Fenomena Begal, Salah Siapa?
A A A
Awal 2015 antara medio Januari-Februari masyarakat dikejutkan dengan ada gangguan keamanan ketertiban masyarakat yang melanda di sekitar Jabodetabek dan diikuti dengan beberapa daerah di Jawa serta daerah lain di Indonesia.

Gangguan kantibmas itu disebabkan ada begal. Istilah ”begal” penulis ketahui sejak kecil. Kala itu begal diartikan seorang atau sekelompok orang yang melakukan ”pencegatan” kepada seseorang yang melakukan perjalanan malam (baik jalan kaki, sepeda, maupun sepeda motor) di antara satu desa dan desa lain, di mana jarak desa yang satu ke desa lain cukup jauh.

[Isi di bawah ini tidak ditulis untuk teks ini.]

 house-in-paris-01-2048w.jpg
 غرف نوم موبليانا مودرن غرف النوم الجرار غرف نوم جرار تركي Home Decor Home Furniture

Fenomena begal waktu itu tidaklah terlalu menakutkan karena biasa hanya bermaksud mengambil harta dari korban tanpa mencederainya. Kini fenomena begal yang saya ketahui dahulu itu sudah sangat jauh berbeda karena pada zaman yang sudah modern ini begal telah berubah menjadi sosok yang amat menakutkan.

Begal merupakan upaya disertai paksaan/kekerasan seseorang atau sekelompok orang untuk menguasai harta orang lain (korban). Kekerasan yang dilakukan para begal memang sudah keterlaluan karena tidak hanya dengan kekerasan psikis, tapi juga kekerasan fisik sehingga para pembegal tidak menginginkan harta semata.

Menyeruaknya masalah sosial ”begal” akhir-akhir ini sepanjang cacatan penulis dimulai ada balapan motor liar yang dilakukan oleh anak muda yang hampir ada di setiap daerah. Para ”pembalap” liar itu tidak sekadar adu cepat tujuannya, tetapi mereka juga sering melakukan teror di tengah-tengah masyarakat dengan merusak fasilitas umum (public facility) dan menggasak harta milik masyarakat sekitar yang dilewati oleh aksi kebut-kebutan liar mereka.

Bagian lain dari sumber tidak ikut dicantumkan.